* Exercise details *
Beginning with the line below that contains "Ротор-Волгоград - Кубань-2 (Краснодар) 2016" and ending with the line that contains "コンサートホール型は舞台も客", retype every line exactly. Pictures are not copied.

* Exercise data *

■ ■ ■ ■

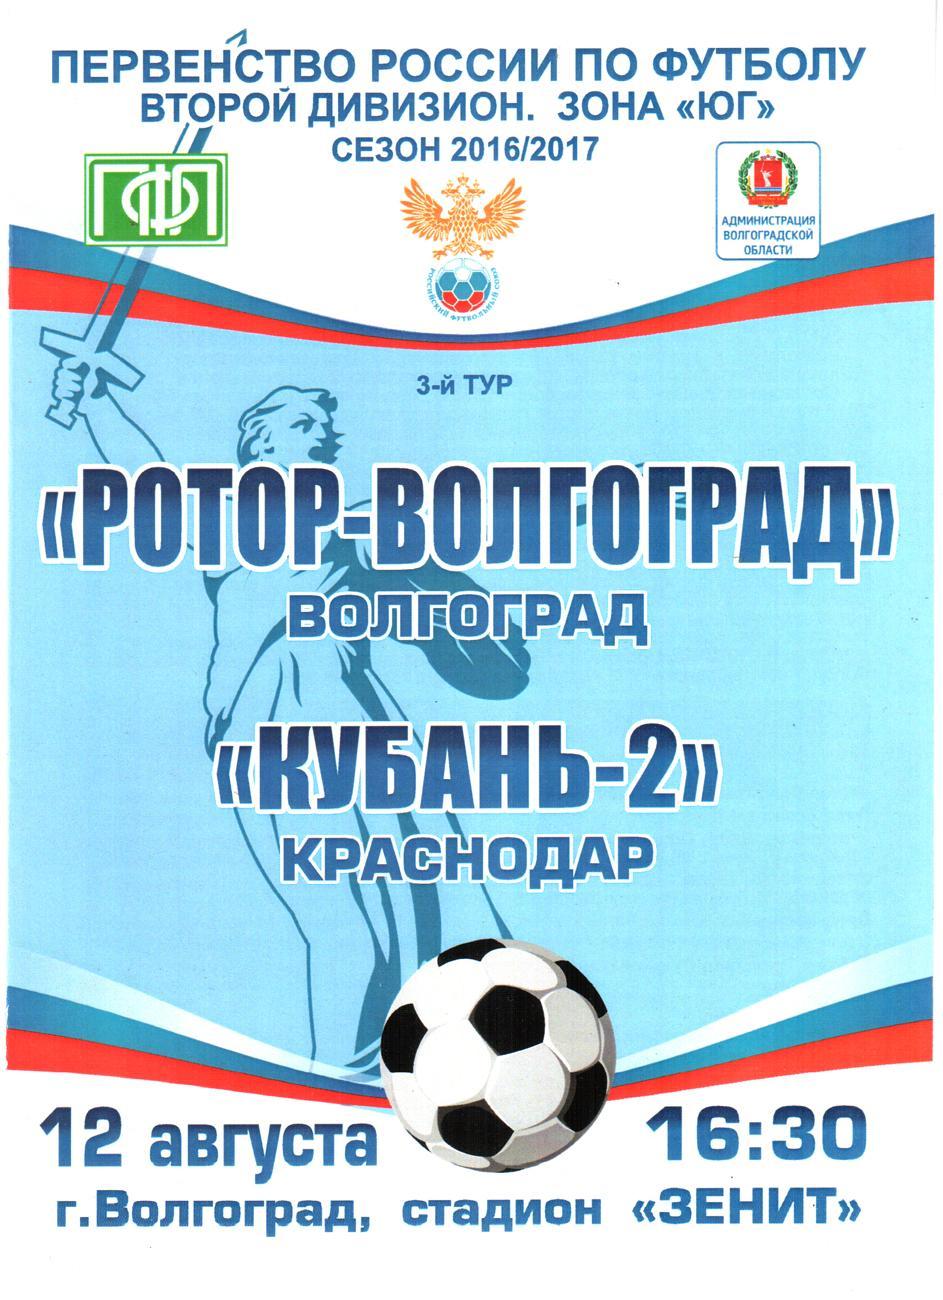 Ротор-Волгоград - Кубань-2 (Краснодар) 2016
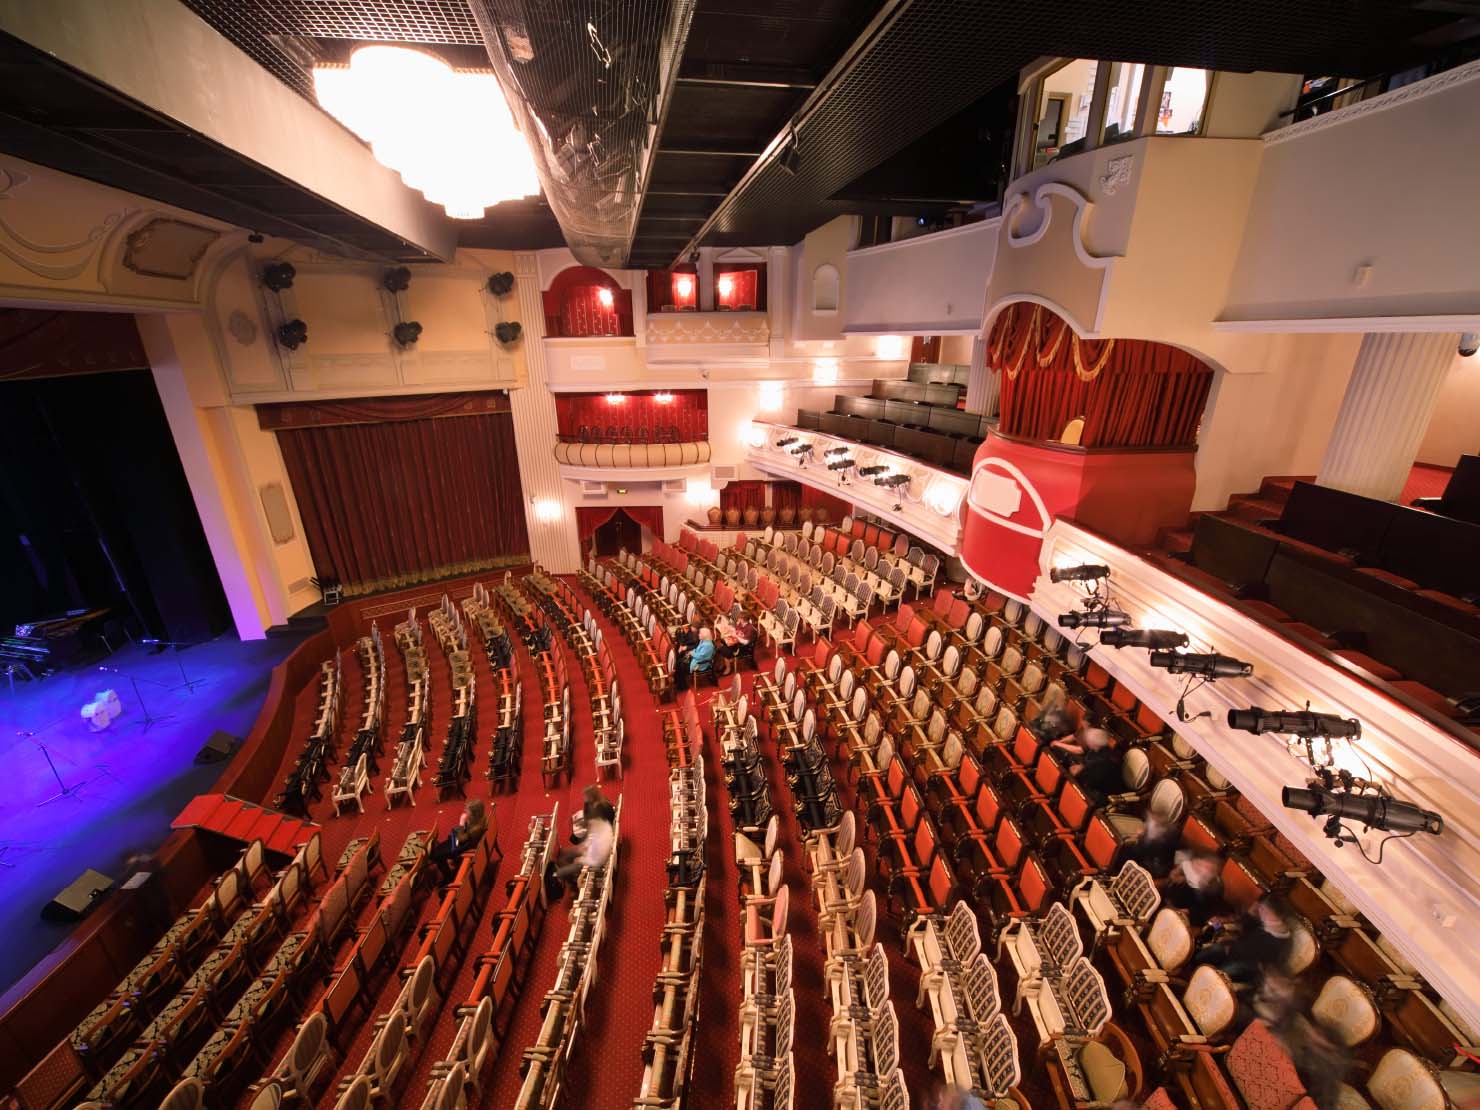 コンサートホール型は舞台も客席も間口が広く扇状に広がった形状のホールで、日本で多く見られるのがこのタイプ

■ ■ ■ ■

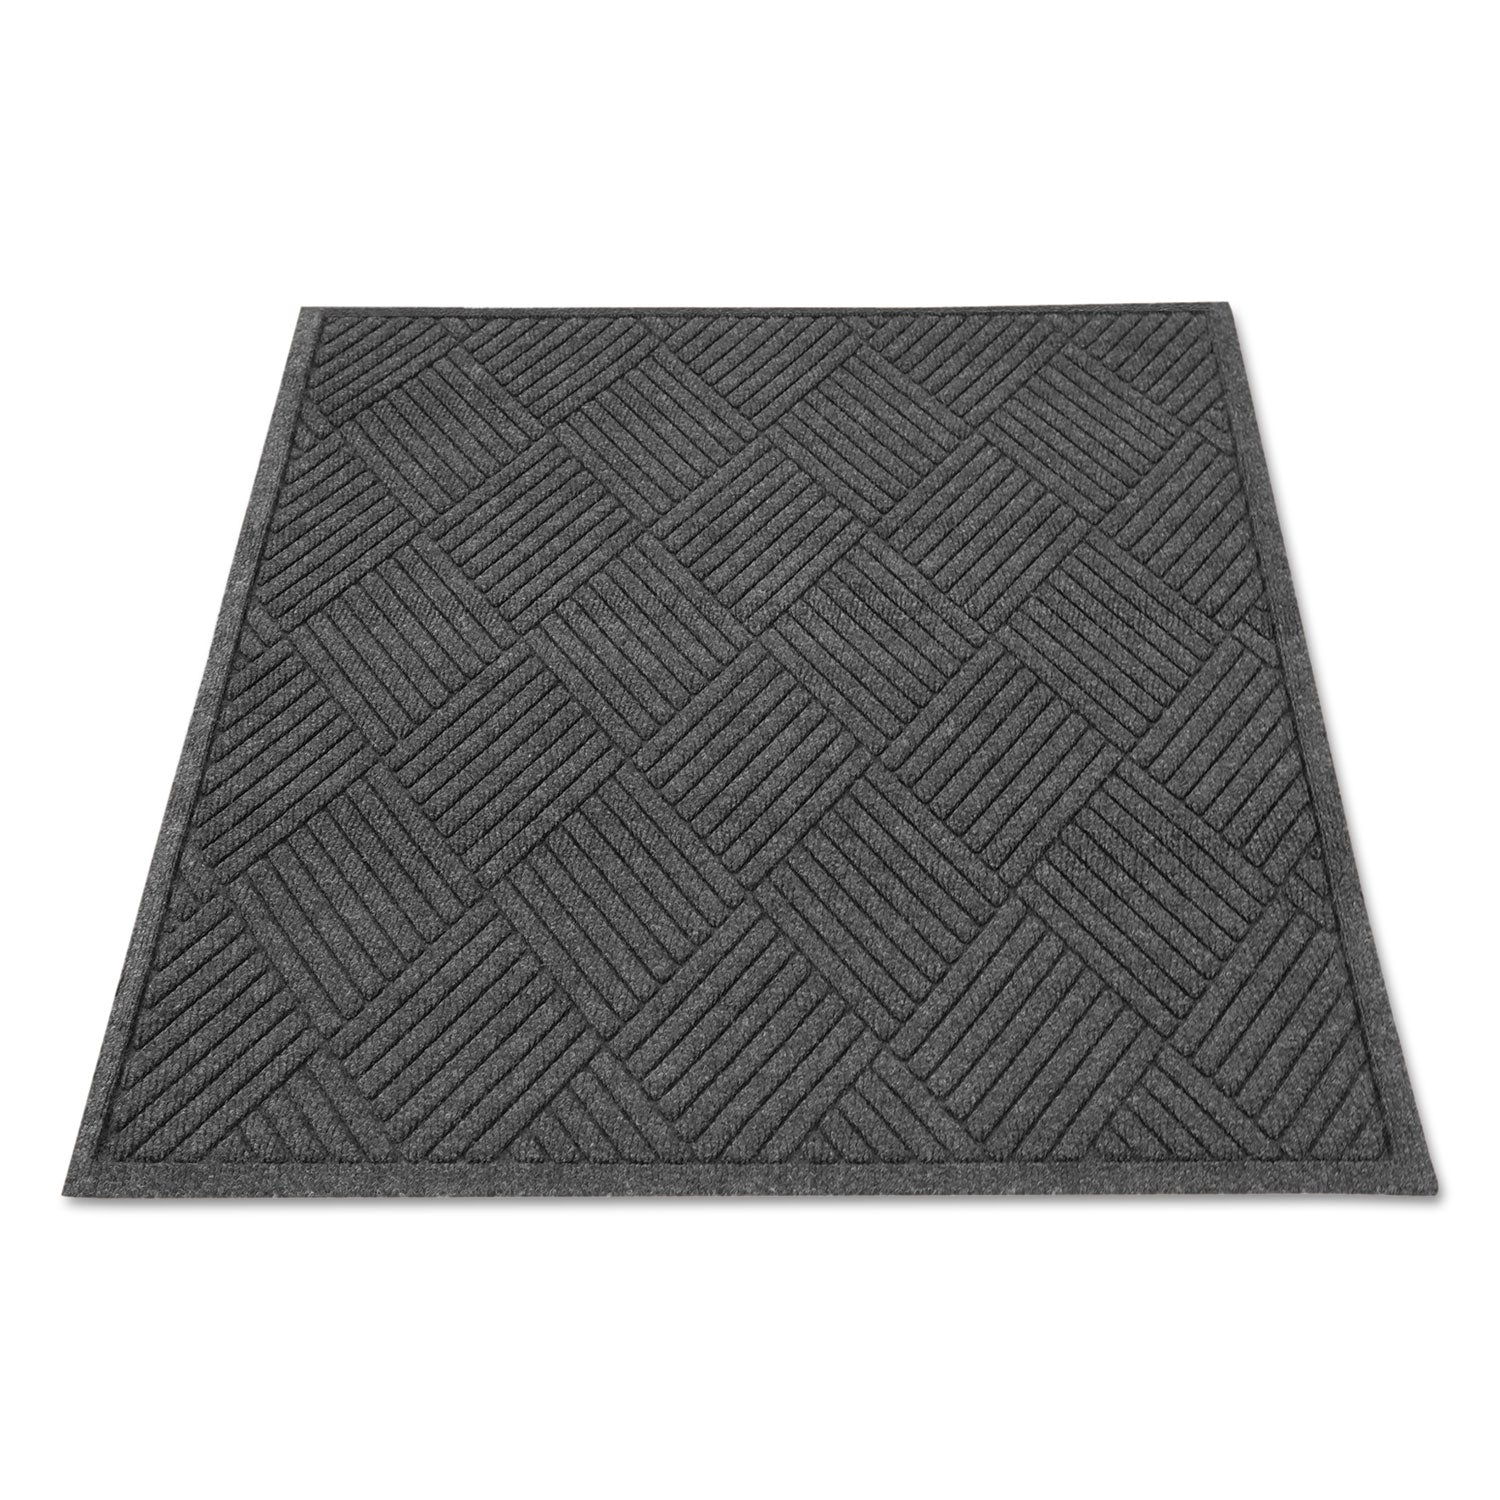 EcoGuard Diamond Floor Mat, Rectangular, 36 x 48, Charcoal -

■ ■ ■ ■

* Response to this task *
 Ротор-Волгоград - Кубань-2 (Краснодар) 2016
 コンサートホール型は舞台も客席も間口が広く扇状に広がった形状のホールで、日本で多く見られるのがこのタイプ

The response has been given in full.